Improvement of Solar Energy Conversion with Nb‐Incorporated TiO2 Hierarchical Microspheres

Niobium-modified TiO2 hierarchical spherical micrometer-size particles, which consist of many nanowires, are synthesized by solvothermal synthesis and studied as photoelectrodes for water photo-oxidation and dye-sensitized solar cell (DSSC) applications. Incorporation of Nb leads to a rutile-to-anatase TiO2 phase transition in the TiO2 hierarchical spheres (HSs), with the anatase percentage increasing from 0% for the pristine TiO2 HSs to 47.6% for the 1.82 at.% Nb-incorporated TiO2 sample.
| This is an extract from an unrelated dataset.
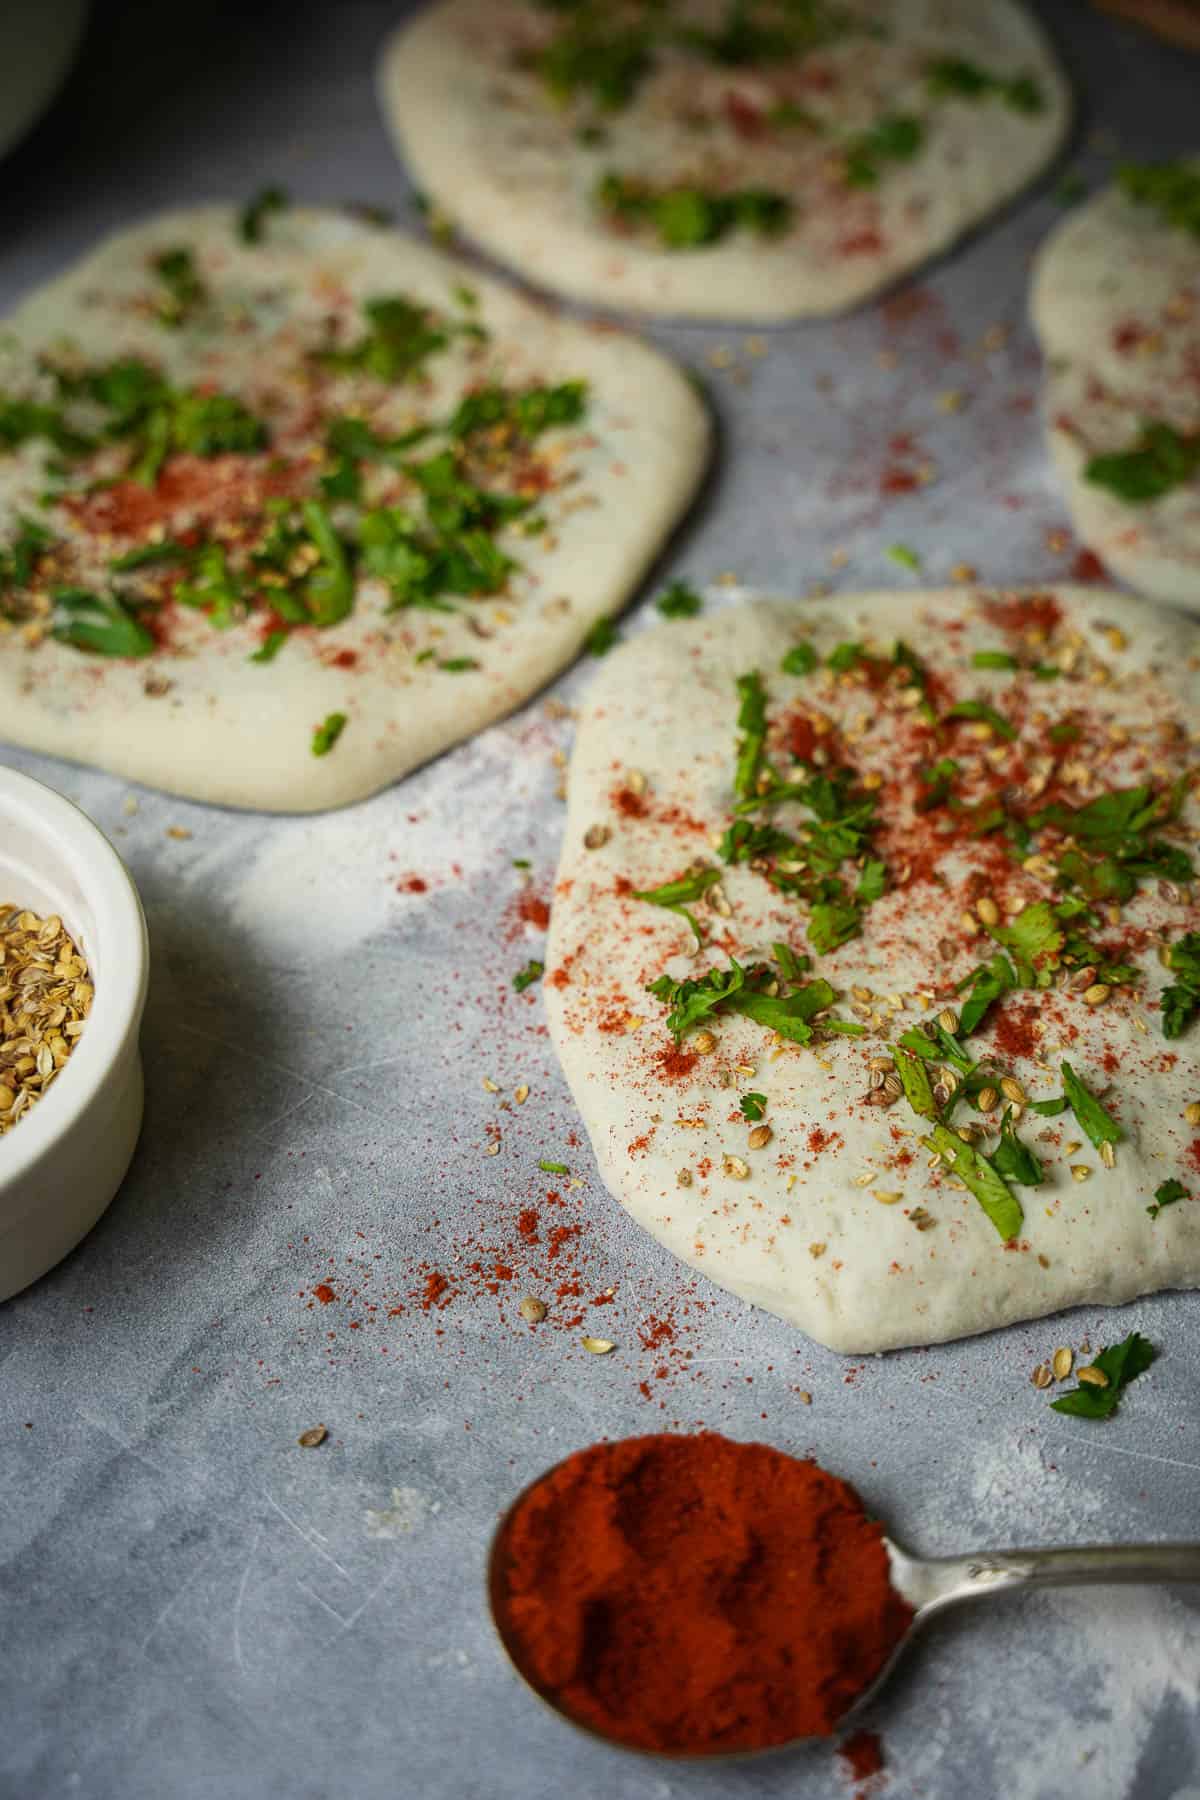 Formed kulcha are sprinkled with coriander seeds, kashmiri red chili and cilantro before being baked.
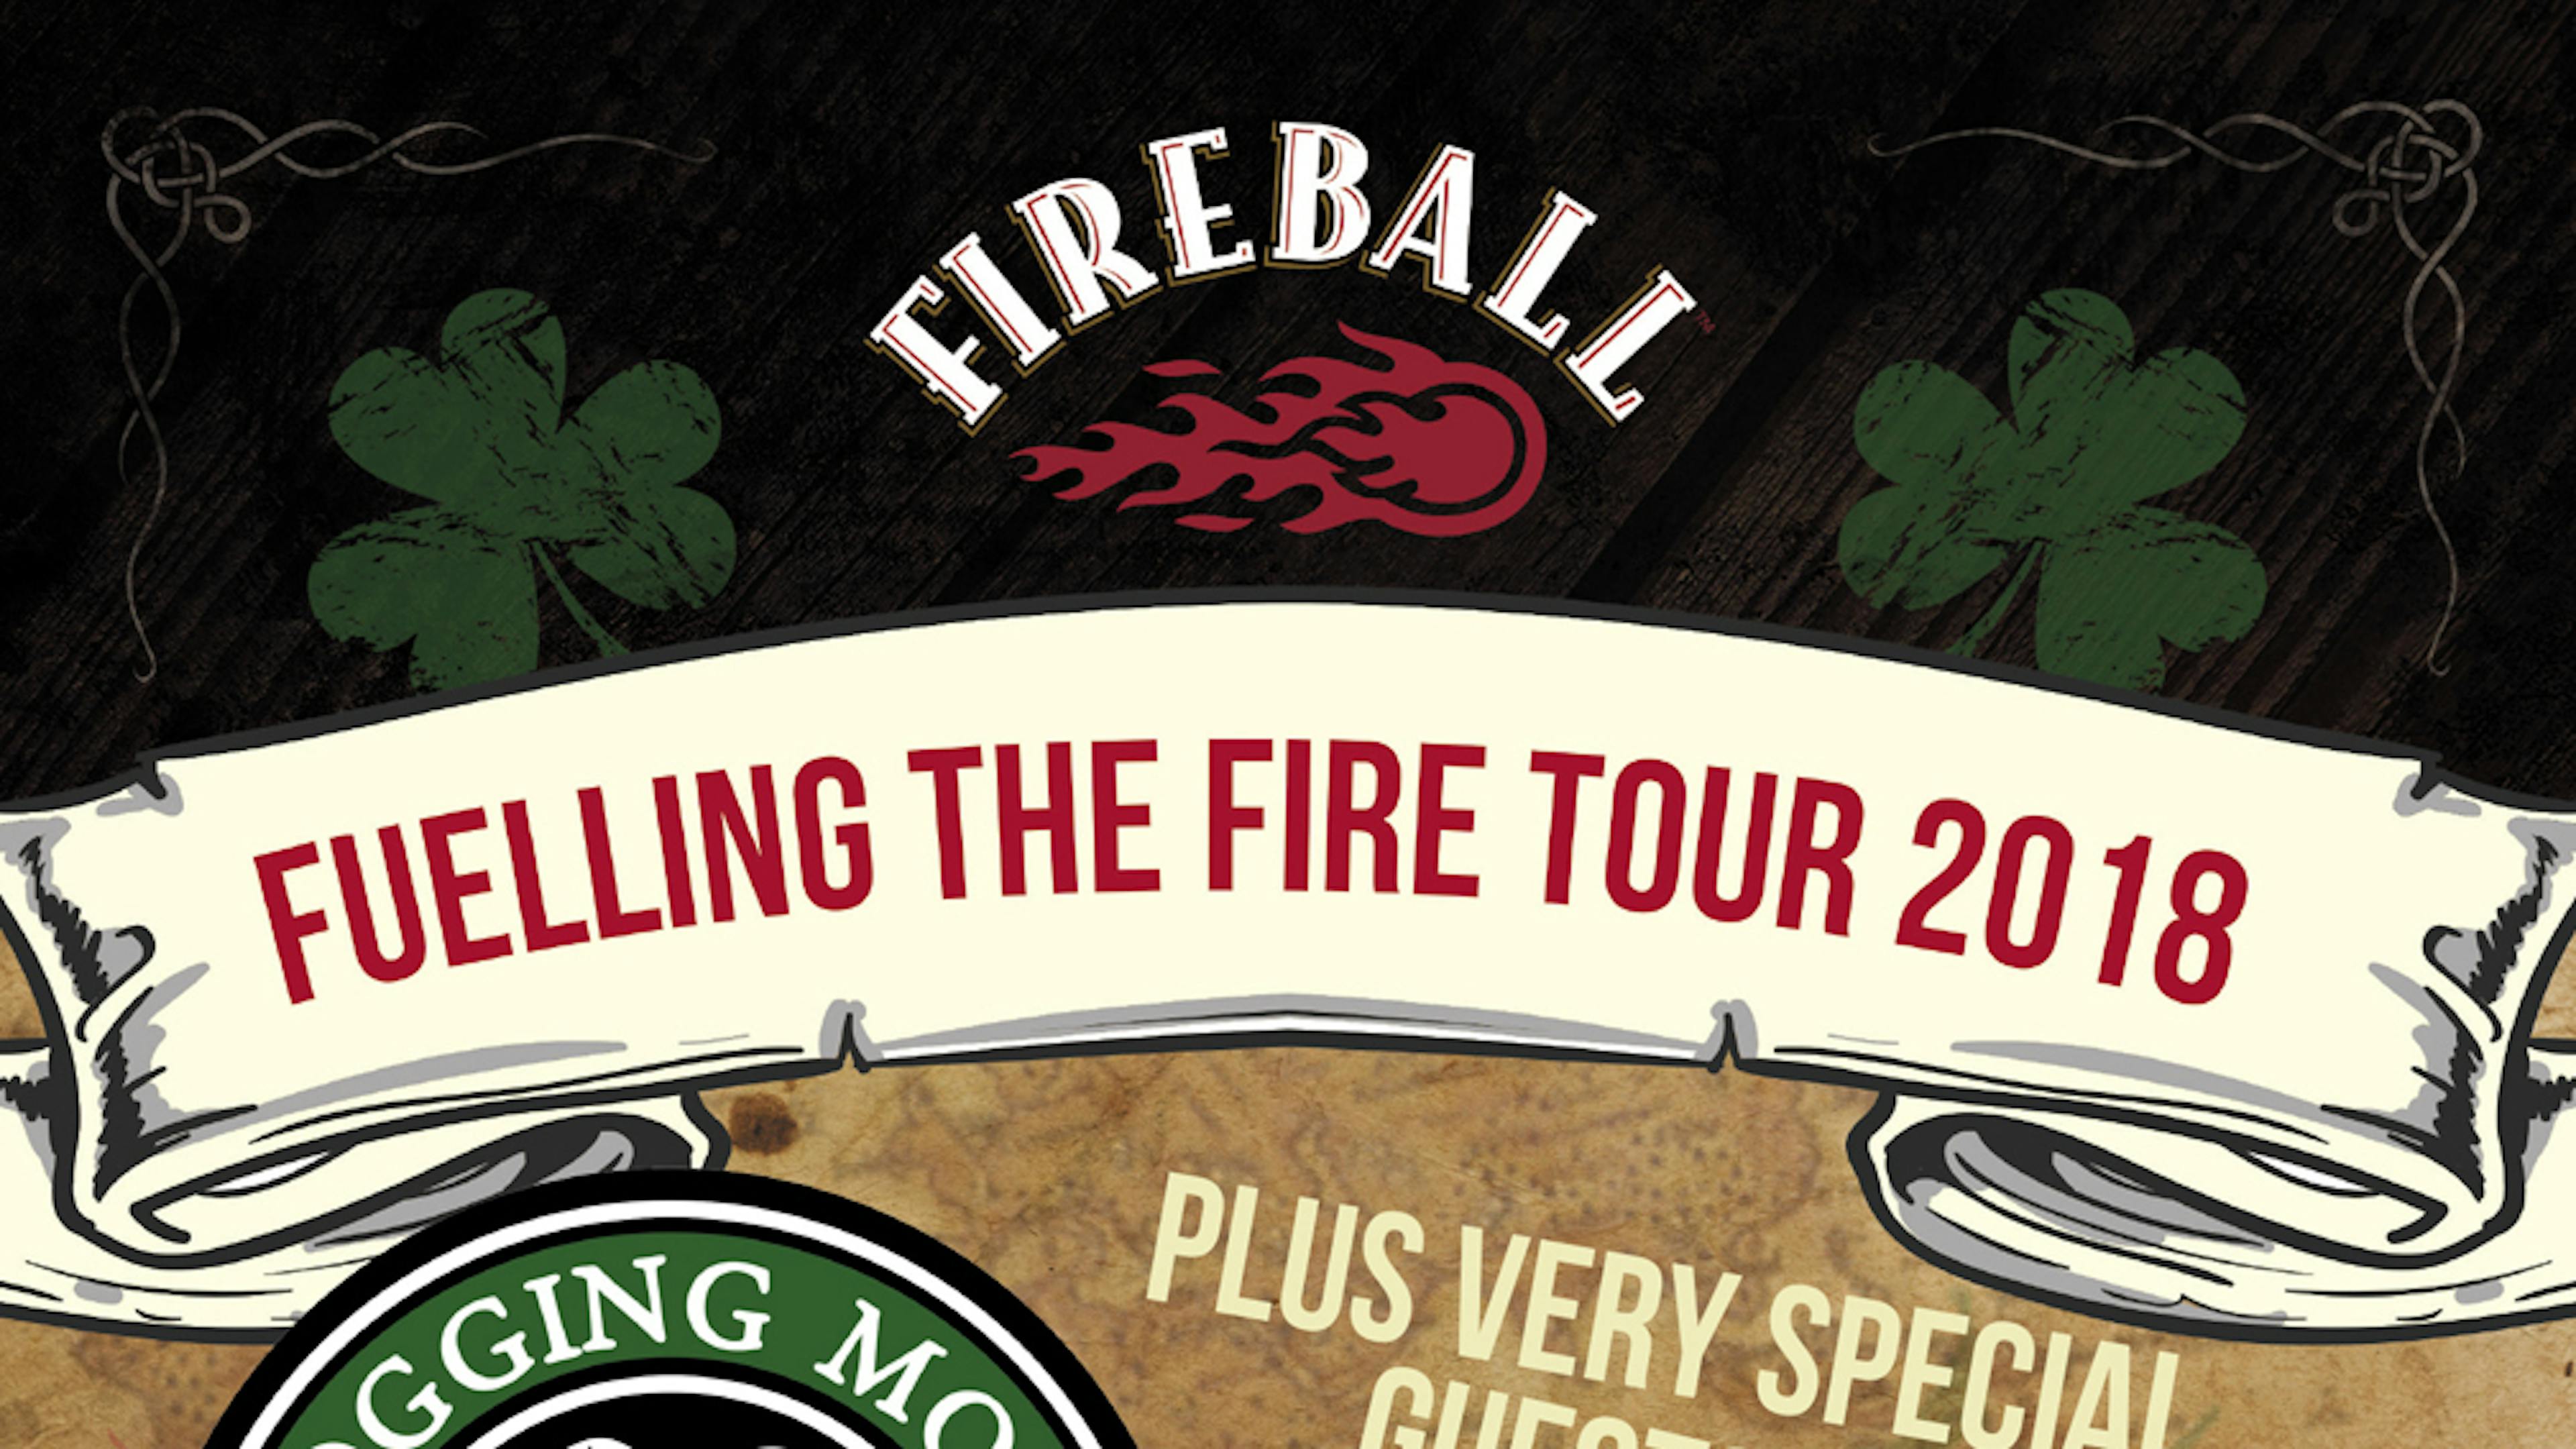 Fireball – Fuelling The Fire Tour 2018 Reveals First Names

Incorporation of Nb leads to significant improvements in water photo-oxidation with the photocurrents reaching 70.5 μA cm(-2) at 1.23 V versus the reversible hydrogen electrode, compared with 28.3 μA cm(-2) for the pristine TiO2 sample. The photoconversion efficiency of Nb:TiO2 HS-based DSSCs reaches 6.09±0.15% at 0.25 at.% Nb, significantly higher than that for the pristine TiO2 HS cells (3.99±0.02%). In addition, the incident-photon-to-current efficiency spectra for DSSCs show that employing TiO2 and Nb:TiO2 HSs provides better light harvesting, especially of long-wavelength photons, than anatase TiO2 nanoparticle-based DSSCs.